Cuando Kelsen asume distinguir y oponer en el conocimiento dos realidades, presentados metodológicamente en la esfera del pensamiento como juicios del ser y juicios del deber ser, hizo prevalecer una acusada significación en la esfera del deber ser: tiene como función promover la “pureza”, delimitar su territorio contra la intrusión de la realidad natural. Y para esto se perfila en dos sentidos: contra la psicología defiende el carácter propio de la esfera lógica, y contra la sociología, la psicología y la biología, defiende la esfera jurídica. En ella conviven en un haz inseparable e interconectado, aunque en algún momento esto no se reconoce explícitamente en Kelsen, lo jurídico y lo lógico, casi imperceptibles. Esto se hacía posible desde una posición filosófica en que el objeto de conocimiento se determinaba por el método cognoscitivo; lo primero y más importante era el método: el método luego el objeto.

En la persecución de su finalidad de pureza, Kelsen asume diferenciar y excluir de su enfoque todas aquellas manifestaciones de la actividad del ser social, que de una forma u otra las tendencias positivistas destacaban interrelacionadas con el fenómeno jurídico.[iii]

Pero si bien en el plano ideal este enfoque metodológico definió su objeto desde presupuestos logicistas, y tachó de impuras sus vínculos con la política, la moral y la religión, no desconoce sus vínculos reales y sus relaciones desde otras dimensiones. Lo que importa entender es que la “juricidad” se construyó por una teoría que le importa despejar el terreno y sacar el balón bien lejos de toda ideología, y de todo vínculo con otros elementos “metajurídicos” en el plano ideal puro. Kelsen está consciente de las relaciones existentes en el plano de lo real del Derecho con estos elementos “metajurídicos”, por lo que trató de construir una teoría pura sobre el Derecho, no de una teoría sobre un Derecho puro.

Que se refiera a una teoría pura del Derecho y no a una teoría sobre un derecho puro, supuso que Kelsen tuviera que hacer más de una precisión. Un ejemplo de esto lo constituyó la interpretación que hiciera el profesor cubano Antonio Sánchez de Bustamante y Montoro (1945), en un artículo que tituló El Kelsenismo y publicado en la Revista Cubana de Derecho: “Ya no le basta a Kelsen, en efecto, con excluir del enfoque científico todo aquello que no fuere estrictamente normativo; lo jurídico positivo, lo propiamente normativo, le resulta impuro también. Las instituciones, el sistema de un Derecho vigente se hace también relativo, ideológico: sólo conserva pureza y objetividad y permite cimentar sobre ella las generaciones científicas, la regularidad deshumanizada y fría, formada por el principio de Imputación y sus aplicaciones. Ello implica que sólo se libera del estigma ideológico y deviene puro el contenido sin contenido de la Lógica Jurídica formal.”[iv]

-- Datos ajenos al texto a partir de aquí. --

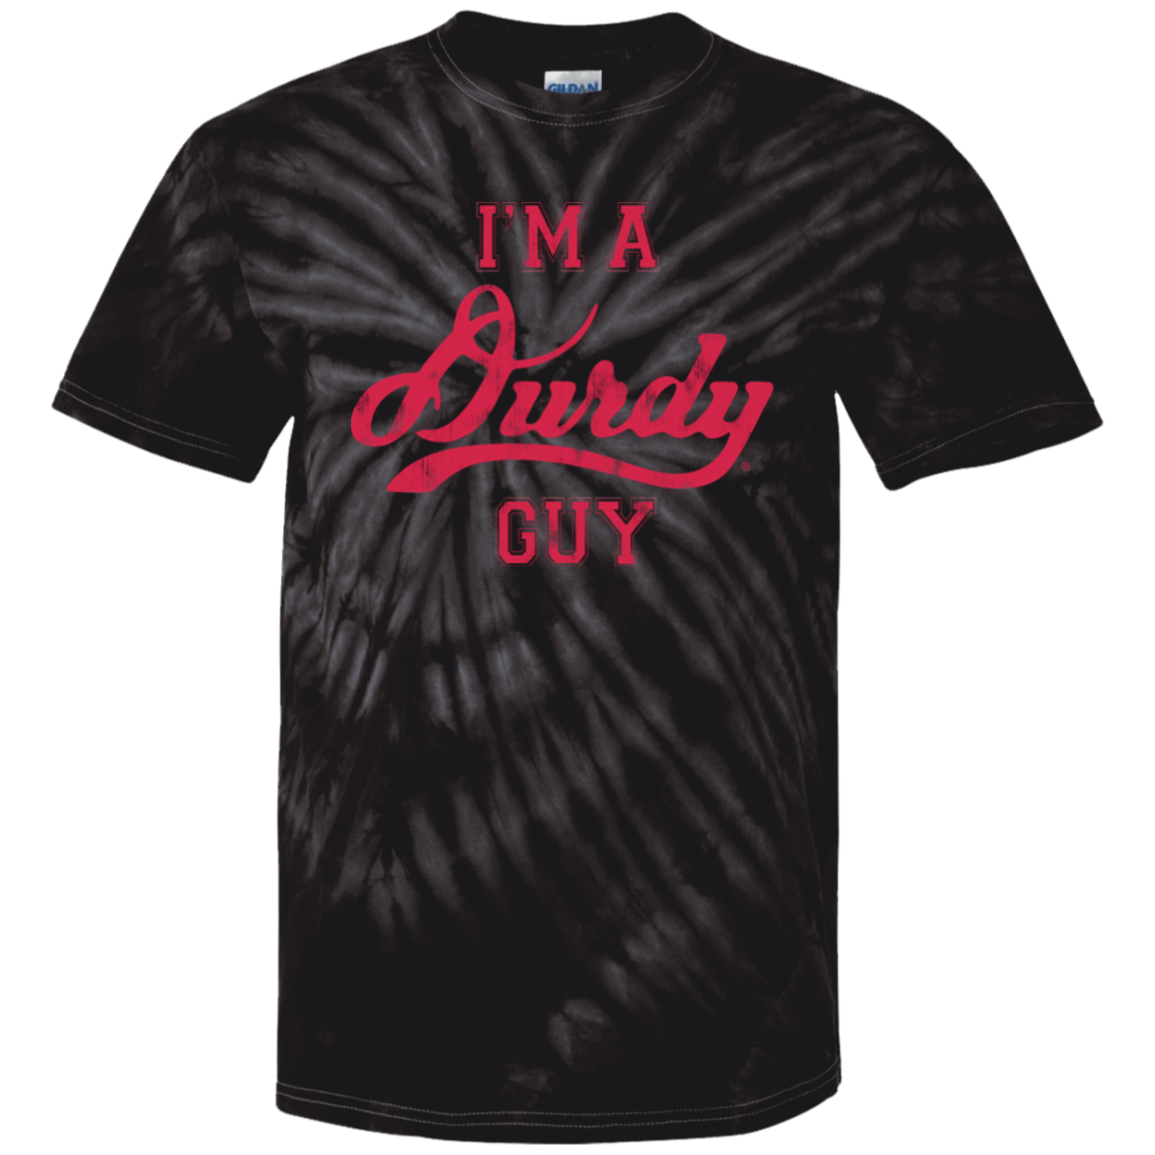 Durdy Guy 100% Cotton Tie Dye T-Shirt

Este artículo sería traducido con el título “Kelsenism” en Interpretation of Modern Legal Philosophies, en su número 47, por la editorial norteamericana Sayre, del cual Kelsen haría un comentario al margen con motivo de haber sido citado por el profesor Julius Stone en su artículo de rechazo a la teoría pura Legal System and Laweyers Reasonings, en el año 1964. En este sentido Kelsen escribe en una nota al pie: “En la página 109, el profesor Stone se refiere a una afirmación hecha por el profesor A.S. de Bustamante y Montoro: «(Kelsen) considera impuro al derecho positivo, a las normas strictu sensu.» De Bustamante y Montoro, «Kelsenism», en Interpretation of Modern Legal Philosophies, 47 (Sayre ed.1947). Esta afirmación no puede fundamentarse en mis escritos. Lo que quise decir es que el adjetivo «puro» se refiere a la teoría del derecho, no al derecho; el derecho no es «puro», solo la teoría del derecho puede ser «pura». Que el sistema kelseniano, según la interpretación que el profesor Stone da a la afirmación de Bustamante, finalmente se encamine hacia un punto en que inclusive las normas jurídicas strictu sensu «parecen estar excluidas por impuras, relativas e ideológicas», (Legal System and Laweyers Reasonings, p. 109, 1964) es una afirmación que se halla en abierta contradicción con el hecho, que una y otra vez he subrayado, de que la Teoría Pura del Derecho es una teoría del positivismo jurídico, una teoría del derecho positivo como sistema de normas jurídicas. El profesor Stone cita -y aprueba- la frase de Bustamante: «Solo el contenido vacuo de la lógica jurídica formal está libre del estigma ideológico y puede ser puro». No nos interesa aquí si esto es o no correcto. Al citarlo, el profesor Stone da la impresión de que la actitud de Bustamante hacia la Teoría Pura del derecho es, al igual que la suya, de rechazo de esta teoría. Esto, sin embargo, no es correcto. Bustamante habla de mi teoría con el mayor respecto. Ver, por ejemplo, de Bustamante y Montoro, supra, p. 50.”[v]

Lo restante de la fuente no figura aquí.